Question 42. Evaluate ∫cos⁡x/(1 + cos⁡x) dx

Solution:

We have, ∫cos⁡x/(1 + cos⁡x) dx  …..(1)

Now solve

 

Since, cos⁡x = cos²x/2 – sin²⁡x/2 and cos⁡x + 1 = 2cos²⁡x/2 

So, we get cos⁡x/(1 + cos⁡x) = 1/2[1 – tan²x/2] 

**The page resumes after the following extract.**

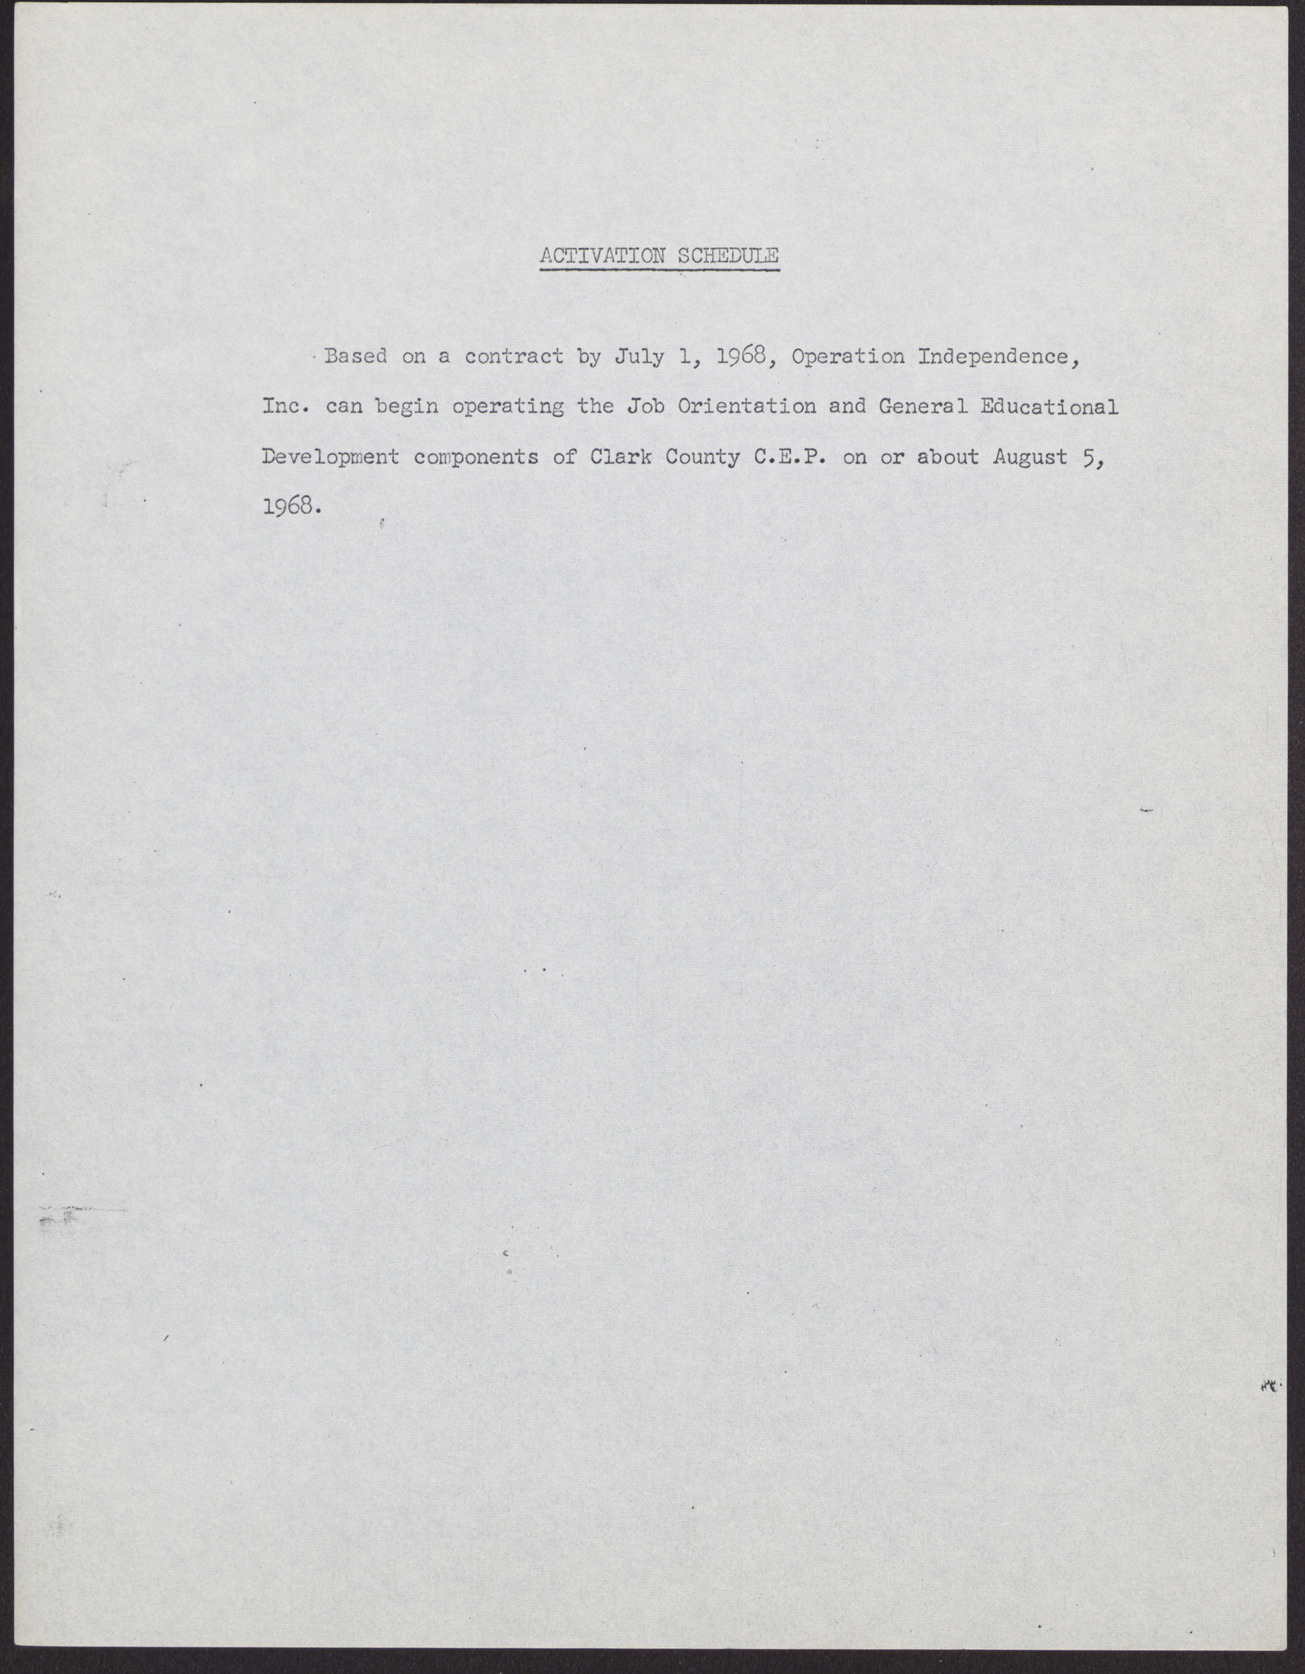 Proposal to the Clark County, Nevada Concentrated Employment Program (21 pages, missing some pages/sections listed in its table of contents), July 2, 1968, page 3

Now put this value in eq(1), we get

= 1/2 ∫(1 – tan²x/2)dx

= 1/2 ∫(1 – sec²⁡x/2 + 1)dx

= 1/2 ∫(2 – sec²⁡x/2)dx

= 1/2 [2x – (tan⁡x/2)/(1/2)] + c

= x – tan⁡x/2 + c

Question 43. Evaluate∫(1 – cos⁡x)/(1 + cos⁡x) dx

Solution:

We have, ∫(1 – cos⁡x)/(1 + cos⁡x) dx  ….(1)

Now solve

(1 – cos⁡x)/(1 + cos⁡x) = (2sin²⁡x)/(2cos²⁡x)

= tan²⁡x/2

= (sec²x/2 – 1)               [Since, 2sin²⁡x/2 = 1 – cos⁡x and 2cos²⁡x/2 = 1 + cos⁡x]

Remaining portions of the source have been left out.